[Opening PROVIDED RECORDS section]

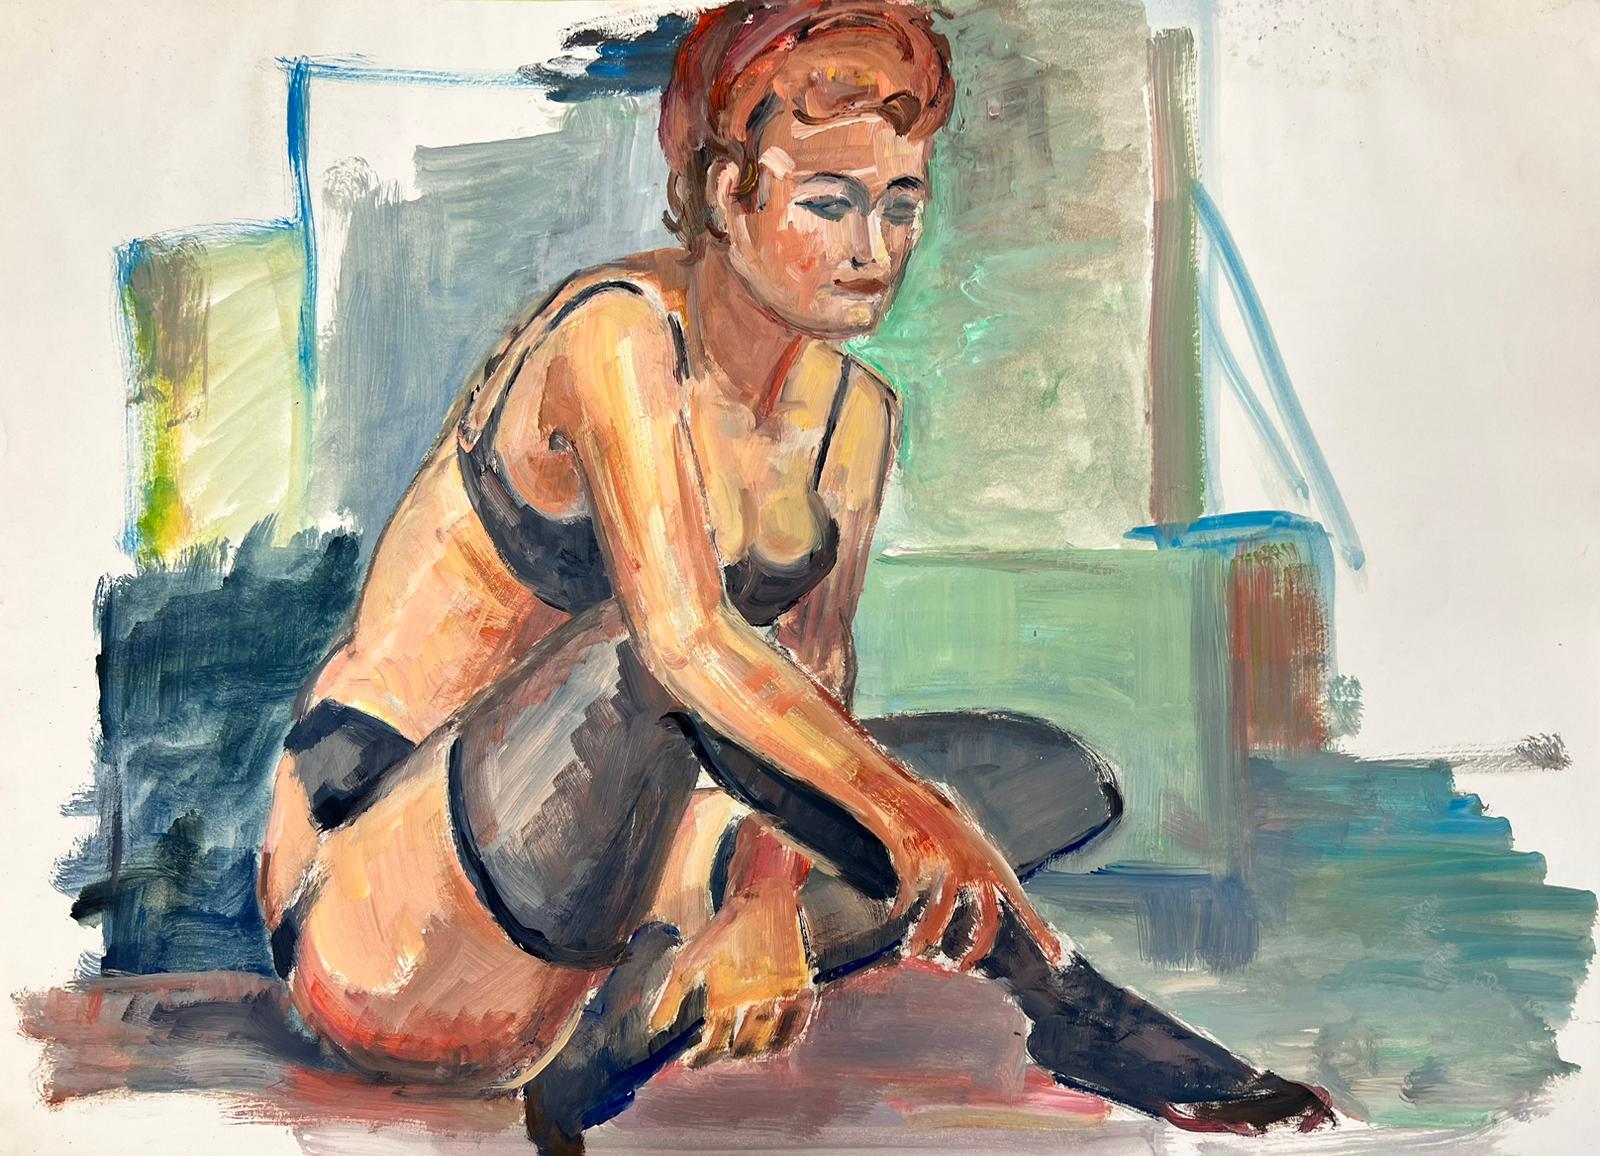 The Artists Model
Nude Lady Model
French School, circa 1970's
oil painting on card, unframed
size: 18 x 26 inches
condition: overall very good, a very few light markings to the surface but nothing detrimental to the appeal and appearance of the

[Closing PROVIDED RECORDS section]

_TASK STATEMENT:_
Write out the data exactly, but not its pictures.

_EXERCISE SOLUTION:_
 The Artists Model
Nude Lady Model
French School, circa 1970's
oil painting on card, unframed
size: 18 x 26 inches
condition: overall very good, a very few light markings to the surface but nothing detrimental to the appeal and appearance of the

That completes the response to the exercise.